Special seating was also set aside for those who had performed some public service or who had won military awards. These persons were allowed to sit at the front with the senators. (Pliny Nat.Hist 16.6)

Augustus reinforced the practice by promulgating the lex Iulia theatralis (Suetonius, Augustus. 44). This upheld the old lex Roscia by stipulating that the first fourteen rows were reserved for those worth more than 400,000 HS and thus eligible for the equestrian order. It also went further by separating soldiers from civilians, giving special seating to married commoners, boys and their tutors and the Vestal virgins. Initially these laws applied to the drama theatre but it is clear that they were also soon applied to gladiatorial venues too (which in Augustus' time were still being held in the forum and in circuses and drama theatres). Augustus was also the first to restrict women to the back rows at gladiatorial shows. Hitherto men and women had sat together (Suetonius explicitly mentions this). Plutarch also mentions an incident during the life of Sulla (Plutarch Sulla, 35) remarking "[A]t this time men and women used to sit all together in the theatre, with no separate seating accommodation for the sexes".

Calpurnius (Eclogues 7.23-24) talks about Nero's amphitheatre on the Campus Martius and describes climbing up towards the back-rows until he reaches the seats for the commoners which were "next to the women's benches". He also mentions that, on that day, these back-row seats were in shade under an awning while the equestrians and senators, in the prime seating at the front, were open to the sun.

Domitian is also credited with renewed enforcement of the lex Roscia. In regard to this, Martial mentions the added presence of ushers whose task was to check the qualifications of claimants to these prime seats. He also talks about people who tried to move into seating areas to which they were not entitled.

To answer the original question. Augustus restricted all women, regardless of social class, to the back rows - with the sole exception of the Vestals.
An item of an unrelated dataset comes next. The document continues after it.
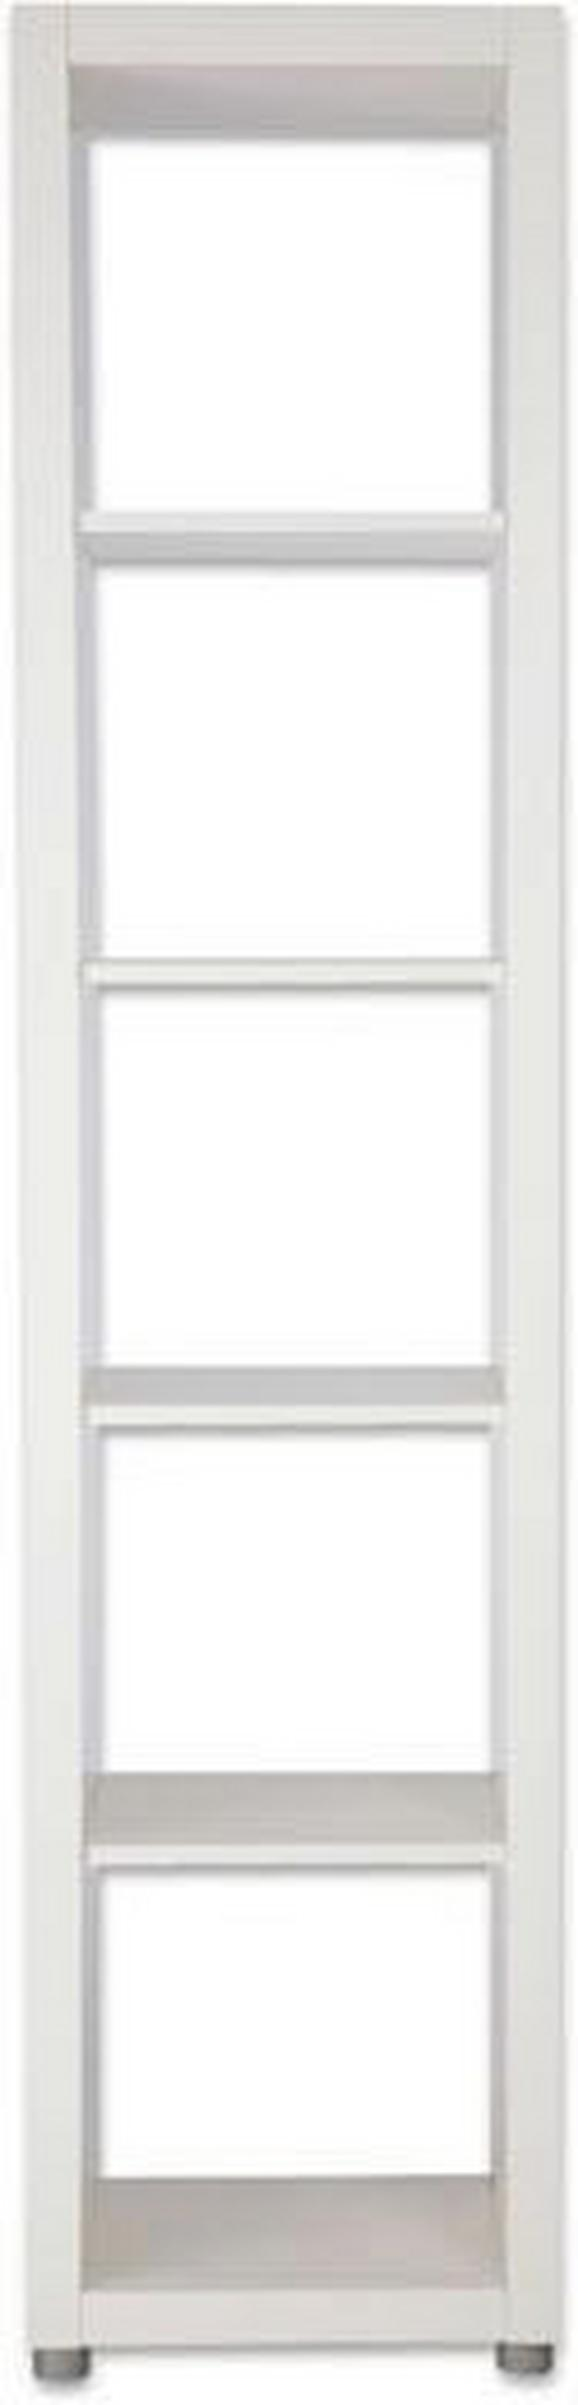 Raumteiler in Weiß lackiert - Silberfarben/Weiß, Basics, Holzwerkstoff/Kunststoff (44/191/35cm) - MÖMAX modern living

In later years some female members of the imperial family were allowed the same status as the vestals. So wives were not permitted to sit with their husbands (the special seating for married commoners of course only means married men). Slaves were also restricted to the back rows. Calpurnius makes it clear that this rule was still in force in Nero's day and by the end of the Flavian period it had become a well established part of the culture.

Ovid seems to imply that men and women could interact at gladiatorial shows (Ars amatoria 1, 135-170), but it is not entirely clear what the exact circumstances of this might be (in contrast, he says explicitly that men and women sat close together in the horse-racing circus). His Ars amatoria, however, was published very early in the first century, so may have been written before Augustus' decree banishing women to the back rows.